• [Data excerpts]:

'''

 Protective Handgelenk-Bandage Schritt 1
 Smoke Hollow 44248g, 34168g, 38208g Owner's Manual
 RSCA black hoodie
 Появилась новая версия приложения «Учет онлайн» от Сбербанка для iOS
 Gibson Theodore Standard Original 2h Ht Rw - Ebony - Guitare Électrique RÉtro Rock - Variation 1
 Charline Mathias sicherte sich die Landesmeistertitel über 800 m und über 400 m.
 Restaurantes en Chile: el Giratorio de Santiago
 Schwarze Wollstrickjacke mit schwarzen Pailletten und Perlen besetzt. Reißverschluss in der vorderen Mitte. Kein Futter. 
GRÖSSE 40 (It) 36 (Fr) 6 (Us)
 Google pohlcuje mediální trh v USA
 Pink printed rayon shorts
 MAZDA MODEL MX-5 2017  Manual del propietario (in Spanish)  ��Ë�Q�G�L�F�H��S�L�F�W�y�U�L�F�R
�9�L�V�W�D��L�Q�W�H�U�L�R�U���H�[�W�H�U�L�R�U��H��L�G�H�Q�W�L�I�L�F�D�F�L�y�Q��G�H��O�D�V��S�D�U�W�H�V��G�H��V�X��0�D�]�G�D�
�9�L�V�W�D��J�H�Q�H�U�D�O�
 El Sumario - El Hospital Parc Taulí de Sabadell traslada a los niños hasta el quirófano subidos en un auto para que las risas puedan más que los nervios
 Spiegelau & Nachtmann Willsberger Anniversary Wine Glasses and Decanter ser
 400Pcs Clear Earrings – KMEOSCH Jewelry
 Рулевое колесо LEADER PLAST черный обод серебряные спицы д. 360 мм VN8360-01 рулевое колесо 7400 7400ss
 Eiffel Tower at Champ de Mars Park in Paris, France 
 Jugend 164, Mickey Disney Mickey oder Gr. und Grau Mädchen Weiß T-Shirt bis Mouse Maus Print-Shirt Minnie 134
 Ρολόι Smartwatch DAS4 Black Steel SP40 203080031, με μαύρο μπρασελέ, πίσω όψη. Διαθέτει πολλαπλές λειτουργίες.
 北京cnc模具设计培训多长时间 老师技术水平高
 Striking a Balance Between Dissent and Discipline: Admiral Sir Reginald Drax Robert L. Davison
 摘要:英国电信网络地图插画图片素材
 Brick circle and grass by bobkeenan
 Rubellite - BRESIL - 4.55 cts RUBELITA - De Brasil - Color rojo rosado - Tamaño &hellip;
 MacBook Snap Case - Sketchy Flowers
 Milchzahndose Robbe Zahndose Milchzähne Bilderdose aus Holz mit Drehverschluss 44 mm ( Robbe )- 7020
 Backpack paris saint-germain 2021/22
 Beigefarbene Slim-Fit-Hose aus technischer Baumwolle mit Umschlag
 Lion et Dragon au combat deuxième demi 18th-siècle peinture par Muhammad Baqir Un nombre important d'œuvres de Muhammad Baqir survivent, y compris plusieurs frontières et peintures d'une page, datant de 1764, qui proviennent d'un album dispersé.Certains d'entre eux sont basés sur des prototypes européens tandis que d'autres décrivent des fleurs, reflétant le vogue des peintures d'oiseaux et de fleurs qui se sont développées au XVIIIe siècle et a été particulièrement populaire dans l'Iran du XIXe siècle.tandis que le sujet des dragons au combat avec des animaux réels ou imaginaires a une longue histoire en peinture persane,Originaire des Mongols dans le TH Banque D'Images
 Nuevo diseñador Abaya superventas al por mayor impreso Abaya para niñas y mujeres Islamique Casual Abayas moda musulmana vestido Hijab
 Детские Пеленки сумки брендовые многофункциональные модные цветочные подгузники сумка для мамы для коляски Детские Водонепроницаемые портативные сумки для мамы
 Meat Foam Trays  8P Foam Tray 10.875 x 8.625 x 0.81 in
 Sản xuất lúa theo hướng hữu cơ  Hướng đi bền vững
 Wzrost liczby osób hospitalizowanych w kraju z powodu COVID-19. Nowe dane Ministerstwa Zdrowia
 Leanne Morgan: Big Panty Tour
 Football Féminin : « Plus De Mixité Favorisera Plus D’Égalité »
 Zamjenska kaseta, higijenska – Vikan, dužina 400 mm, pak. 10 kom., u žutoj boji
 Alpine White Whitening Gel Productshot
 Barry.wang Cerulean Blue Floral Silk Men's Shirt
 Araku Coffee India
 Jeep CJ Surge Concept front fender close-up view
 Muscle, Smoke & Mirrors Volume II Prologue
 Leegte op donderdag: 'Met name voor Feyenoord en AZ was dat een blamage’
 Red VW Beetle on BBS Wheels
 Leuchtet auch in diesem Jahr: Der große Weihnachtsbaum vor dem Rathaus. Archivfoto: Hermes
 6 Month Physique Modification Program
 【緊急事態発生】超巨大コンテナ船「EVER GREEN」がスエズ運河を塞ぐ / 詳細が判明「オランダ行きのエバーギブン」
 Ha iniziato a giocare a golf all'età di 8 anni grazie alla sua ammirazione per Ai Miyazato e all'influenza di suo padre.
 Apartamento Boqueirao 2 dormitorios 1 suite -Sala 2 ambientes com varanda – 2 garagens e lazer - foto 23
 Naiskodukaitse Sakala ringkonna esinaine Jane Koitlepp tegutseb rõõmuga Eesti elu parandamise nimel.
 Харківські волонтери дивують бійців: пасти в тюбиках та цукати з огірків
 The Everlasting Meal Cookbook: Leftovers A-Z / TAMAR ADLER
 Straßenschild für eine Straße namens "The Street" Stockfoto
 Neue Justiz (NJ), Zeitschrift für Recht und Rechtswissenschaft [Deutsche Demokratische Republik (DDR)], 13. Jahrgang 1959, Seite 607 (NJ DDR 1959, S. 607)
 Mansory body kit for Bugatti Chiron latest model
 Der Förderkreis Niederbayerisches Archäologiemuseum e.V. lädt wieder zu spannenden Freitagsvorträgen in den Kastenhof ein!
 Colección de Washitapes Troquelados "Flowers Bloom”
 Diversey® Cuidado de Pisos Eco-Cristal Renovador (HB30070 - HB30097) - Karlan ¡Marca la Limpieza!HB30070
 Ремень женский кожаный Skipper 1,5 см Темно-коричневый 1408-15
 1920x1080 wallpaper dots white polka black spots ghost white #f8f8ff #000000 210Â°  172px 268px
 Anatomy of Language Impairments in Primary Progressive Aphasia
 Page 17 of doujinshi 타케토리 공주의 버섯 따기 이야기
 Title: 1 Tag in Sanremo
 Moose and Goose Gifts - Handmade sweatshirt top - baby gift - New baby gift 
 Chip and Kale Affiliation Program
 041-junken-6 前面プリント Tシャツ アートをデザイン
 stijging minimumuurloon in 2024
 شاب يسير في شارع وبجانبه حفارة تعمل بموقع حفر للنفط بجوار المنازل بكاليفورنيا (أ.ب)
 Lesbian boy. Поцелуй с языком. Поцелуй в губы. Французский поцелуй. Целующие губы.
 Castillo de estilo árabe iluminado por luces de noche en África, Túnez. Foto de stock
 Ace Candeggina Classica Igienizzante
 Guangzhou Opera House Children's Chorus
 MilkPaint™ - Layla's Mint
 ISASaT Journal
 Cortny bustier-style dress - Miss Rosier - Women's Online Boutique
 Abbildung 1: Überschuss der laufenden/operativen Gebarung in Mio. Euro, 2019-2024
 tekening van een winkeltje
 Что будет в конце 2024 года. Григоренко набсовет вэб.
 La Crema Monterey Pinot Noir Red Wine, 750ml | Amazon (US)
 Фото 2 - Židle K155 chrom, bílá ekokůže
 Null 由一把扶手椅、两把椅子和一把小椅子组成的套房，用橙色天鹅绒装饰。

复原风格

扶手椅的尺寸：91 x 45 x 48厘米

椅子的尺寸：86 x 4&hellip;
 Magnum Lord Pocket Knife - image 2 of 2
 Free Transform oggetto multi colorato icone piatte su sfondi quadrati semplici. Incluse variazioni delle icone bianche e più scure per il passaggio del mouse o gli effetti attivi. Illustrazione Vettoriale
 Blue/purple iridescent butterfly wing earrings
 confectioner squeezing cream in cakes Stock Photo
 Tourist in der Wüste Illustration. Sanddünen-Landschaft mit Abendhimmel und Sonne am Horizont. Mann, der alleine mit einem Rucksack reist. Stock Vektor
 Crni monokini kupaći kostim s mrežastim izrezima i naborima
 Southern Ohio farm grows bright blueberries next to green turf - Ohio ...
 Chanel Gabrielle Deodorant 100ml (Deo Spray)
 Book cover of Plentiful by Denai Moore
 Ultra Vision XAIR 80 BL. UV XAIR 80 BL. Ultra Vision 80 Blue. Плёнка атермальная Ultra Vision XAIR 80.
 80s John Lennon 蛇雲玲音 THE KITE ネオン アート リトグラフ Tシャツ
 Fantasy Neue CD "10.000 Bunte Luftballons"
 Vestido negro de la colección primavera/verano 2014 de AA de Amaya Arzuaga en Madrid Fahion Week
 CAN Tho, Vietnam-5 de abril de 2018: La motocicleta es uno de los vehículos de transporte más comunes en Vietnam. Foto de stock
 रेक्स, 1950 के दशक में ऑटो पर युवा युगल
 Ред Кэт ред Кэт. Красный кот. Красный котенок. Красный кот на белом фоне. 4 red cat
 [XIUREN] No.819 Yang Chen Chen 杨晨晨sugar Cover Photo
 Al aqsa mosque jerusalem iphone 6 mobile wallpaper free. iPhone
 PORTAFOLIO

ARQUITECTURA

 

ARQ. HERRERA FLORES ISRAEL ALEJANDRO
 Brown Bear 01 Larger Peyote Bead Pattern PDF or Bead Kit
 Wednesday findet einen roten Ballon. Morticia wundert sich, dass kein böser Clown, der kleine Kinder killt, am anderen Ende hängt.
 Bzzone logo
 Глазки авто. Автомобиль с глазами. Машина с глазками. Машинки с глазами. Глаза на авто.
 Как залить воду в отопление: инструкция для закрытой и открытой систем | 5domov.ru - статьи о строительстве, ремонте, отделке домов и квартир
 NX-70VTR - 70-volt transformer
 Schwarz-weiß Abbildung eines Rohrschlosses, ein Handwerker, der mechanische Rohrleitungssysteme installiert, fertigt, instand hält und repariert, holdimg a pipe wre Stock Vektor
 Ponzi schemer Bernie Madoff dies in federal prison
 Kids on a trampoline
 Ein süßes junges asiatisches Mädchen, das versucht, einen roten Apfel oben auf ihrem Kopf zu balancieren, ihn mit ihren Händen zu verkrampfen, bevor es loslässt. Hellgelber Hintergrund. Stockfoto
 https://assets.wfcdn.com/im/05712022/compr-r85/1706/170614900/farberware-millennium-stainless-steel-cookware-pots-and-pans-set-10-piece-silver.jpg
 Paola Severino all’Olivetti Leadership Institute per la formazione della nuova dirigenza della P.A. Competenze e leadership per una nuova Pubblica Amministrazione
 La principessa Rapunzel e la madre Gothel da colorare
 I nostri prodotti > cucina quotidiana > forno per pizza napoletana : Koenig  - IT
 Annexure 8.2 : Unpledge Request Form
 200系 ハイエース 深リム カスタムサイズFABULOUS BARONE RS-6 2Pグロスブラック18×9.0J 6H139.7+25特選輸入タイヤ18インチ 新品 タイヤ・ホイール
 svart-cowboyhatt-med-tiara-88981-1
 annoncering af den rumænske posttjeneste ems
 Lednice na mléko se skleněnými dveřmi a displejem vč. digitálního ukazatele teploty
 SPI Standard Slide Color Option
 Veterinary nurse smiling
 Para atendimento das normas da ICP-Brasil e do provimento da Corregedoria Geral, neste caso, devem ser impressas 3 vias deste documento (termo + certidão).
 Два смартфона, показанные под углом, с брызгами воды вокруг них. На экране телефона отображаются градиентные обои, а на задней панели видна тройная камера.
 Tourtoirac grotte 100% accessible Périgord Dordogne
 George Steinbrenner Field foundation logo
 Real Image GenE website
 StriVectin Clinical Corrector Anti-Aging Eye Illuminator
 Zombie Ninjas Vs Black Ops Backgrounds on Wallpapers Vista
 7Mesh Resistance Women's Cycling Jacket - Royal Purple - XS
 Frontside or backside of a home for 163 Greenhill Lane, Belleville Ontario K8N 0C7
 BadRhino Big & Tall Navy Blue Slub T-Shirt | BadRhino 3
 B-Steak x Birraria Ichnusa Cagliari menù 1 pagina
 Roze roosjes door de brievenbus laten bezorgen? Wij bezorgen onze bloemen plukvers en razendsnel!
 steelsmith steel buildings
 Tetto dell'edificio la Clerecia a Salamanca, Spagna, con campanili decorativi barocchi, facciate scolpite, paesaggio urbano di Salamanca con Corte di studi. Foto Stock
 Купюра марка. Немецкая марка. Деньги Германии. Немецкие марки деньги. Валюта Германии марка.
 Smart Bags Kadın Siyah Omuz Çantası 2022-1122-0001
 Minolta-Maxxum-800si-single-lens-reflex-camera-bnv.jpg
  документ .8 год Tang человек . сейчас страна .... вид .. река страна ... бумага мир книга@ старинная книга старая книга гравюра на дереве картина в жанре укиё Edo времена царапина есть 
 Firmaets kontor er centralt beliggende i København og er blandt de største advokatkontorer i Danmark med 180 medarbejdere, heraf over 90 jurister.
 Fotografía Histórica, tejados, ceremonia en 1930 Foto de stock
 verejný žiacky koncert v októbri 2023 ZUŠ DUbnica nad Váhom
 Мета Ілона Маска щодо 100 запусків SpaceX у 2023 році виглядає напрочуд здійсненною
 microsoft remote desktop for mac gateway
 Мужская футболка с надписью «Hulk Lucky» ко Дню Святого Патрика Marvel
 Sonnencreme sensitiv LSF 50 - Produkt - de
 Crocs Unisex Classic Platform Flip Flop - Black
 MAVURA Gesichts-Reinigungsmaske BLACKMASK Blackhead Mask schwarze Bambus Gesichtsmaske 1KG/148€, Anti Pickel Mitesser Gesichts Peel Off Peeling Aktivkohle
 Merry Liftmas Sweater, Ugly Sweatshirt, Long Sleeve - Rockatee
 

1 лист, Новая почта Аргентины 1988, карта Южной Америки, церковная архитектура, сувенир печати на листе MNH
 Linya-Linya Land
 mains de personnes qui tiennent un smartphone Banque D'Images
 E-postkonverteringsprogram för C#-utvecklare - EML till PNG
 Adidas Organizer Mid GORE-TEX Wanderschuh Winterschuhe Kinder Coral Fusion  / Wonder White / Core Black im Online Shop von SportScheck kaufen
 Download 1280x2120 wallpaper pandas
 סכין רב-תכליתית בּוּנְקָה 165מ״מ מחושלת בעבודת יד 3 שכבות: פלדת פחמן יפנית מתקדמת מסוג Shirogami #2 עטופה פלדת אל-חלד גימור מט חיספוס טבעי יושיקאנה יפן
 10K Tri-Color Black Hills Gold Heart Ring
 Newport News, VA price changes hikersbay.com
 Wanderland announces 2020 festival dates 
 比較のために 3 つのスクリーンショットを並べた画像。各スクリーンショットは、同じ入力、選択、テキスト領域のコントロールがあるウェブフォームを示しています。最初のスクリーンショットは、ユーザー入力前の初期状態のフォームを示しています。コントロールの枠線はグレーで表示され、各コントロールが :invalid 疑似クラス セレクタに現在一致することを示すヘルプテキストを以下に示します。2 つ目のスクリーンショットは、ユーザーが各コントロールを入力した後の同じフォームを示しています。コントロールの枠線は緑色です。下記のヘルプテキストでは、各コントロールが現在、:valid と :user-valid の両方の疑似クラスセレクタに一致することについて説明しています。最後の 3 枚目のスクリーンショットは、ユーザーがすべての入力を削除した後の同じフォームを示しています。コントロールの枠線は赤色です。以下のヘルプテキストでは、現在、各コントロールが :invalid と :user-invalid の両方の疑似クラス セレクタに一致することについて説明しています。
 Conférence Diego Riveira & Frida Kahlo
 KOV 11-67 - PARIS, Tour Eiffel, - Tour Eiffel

'''

• [Action item]: Among the lines above, some may hold the string "hellip". State how many, giving the number alone.

• [Exercise output]: 2